We also found that the TSH level was significantly elevated during the daytime sleep restriction period, and that it was associated with maintaining wakefulness. No previous study has discussed the relationship between TSH secretion and maintenance of wakefulness. Some studies have mentioned a relationship between hyperarousal (stress or emotional problems) and cortisol secretion [19], [23]. It is possible, therefore, that another mechanism of hyperarousal was responsible for our findings. We hypothesize that the hypothalamic-pituitary-thyroid axis instead of the hypothalamic-pituitary-adrenal axis may modulate the wakefulness-promoting brain mechanism, as revealed by the correlation of TSH secretion with the latency in the MWT. When the TSH levels were elevated, the performance on visual attentive tasks improved. This suggests a possible biological basis of visual attention ability under conditions of sleep restriction. This biological basis of attention performance regarding hormones will be an interesting topic for future studies.

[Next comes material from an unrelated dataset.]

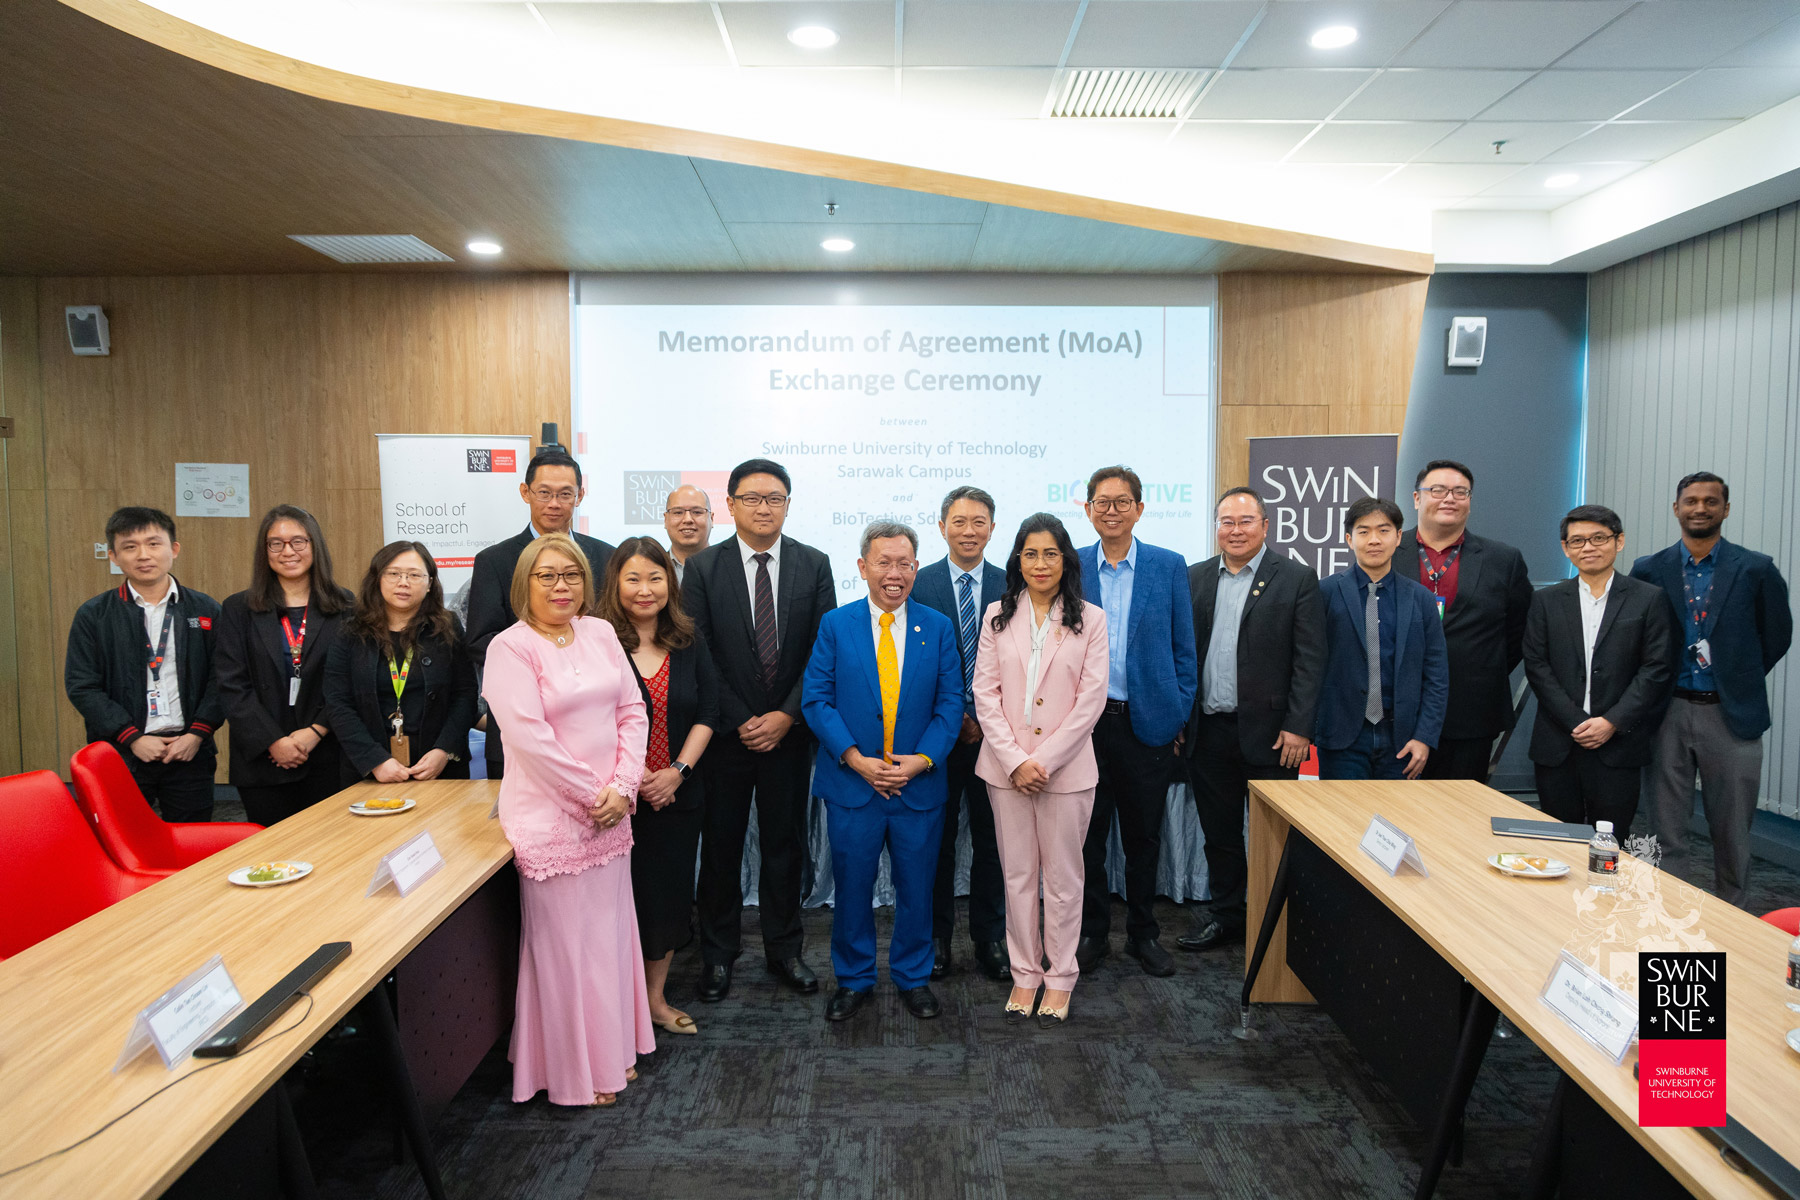 A group photo taken at the MoA Exchange Ceremony. Seen are YB Datuk Amar Professor Dr Sim Kui Hian (centre), Professor Patrick Then (centre left), (from centre right) Mr Peter Ting Yiik Pung, Professor Dr Ida Fatimawati bt Adi Badiozaman, Mr Simon Lau Kiing Kang, Mr William Liang Tak Chiang and others. 
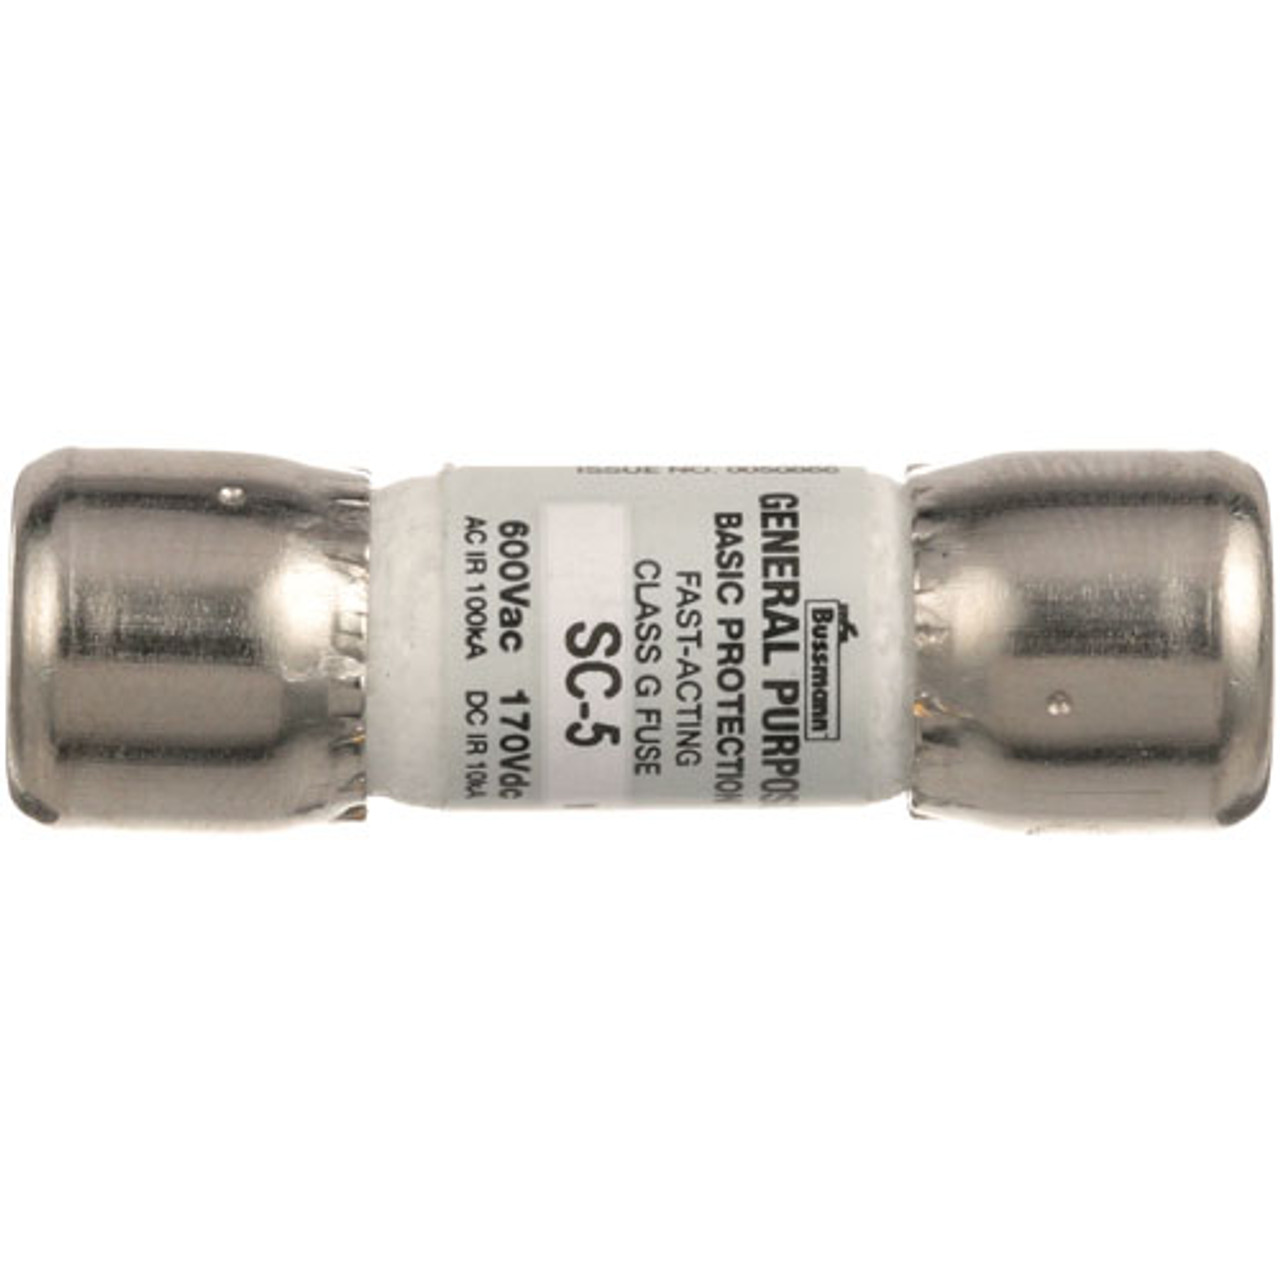 Fuse - Replacement Part For Star Mfg Y2342

There are some limitations to our study. First, there was a lack of baseline data regarding cognitive tests and daytime sleep during the night shift periods, and this could have confounded the results. Second, we did not use indwelling catheters to avoid pain when collecting blood samples, nor did we record the stage of menstrual cycle that may have been related to the PRL level. These could also have been the confounding factors. Third, the tasks were conducted in an experimental setting, and the neuropsychological findings in this study cannot be generalized to real-life practice. Fourth, we did not use controls for comparisons. Fifth, not all participants had the same shift work schedule prior to entering the study night shift schedule, which may have confounded the results.
In conclusion, the individuals working one block of a rotating shift following daytime sleep restriction had no changes in sleep propensity as measured objectively. An attempt to preserve daytime alertness was also related to maintaining neuropsychological performance. Maintaining this ability was related to TSH and age, and this cognition required a high attentive load.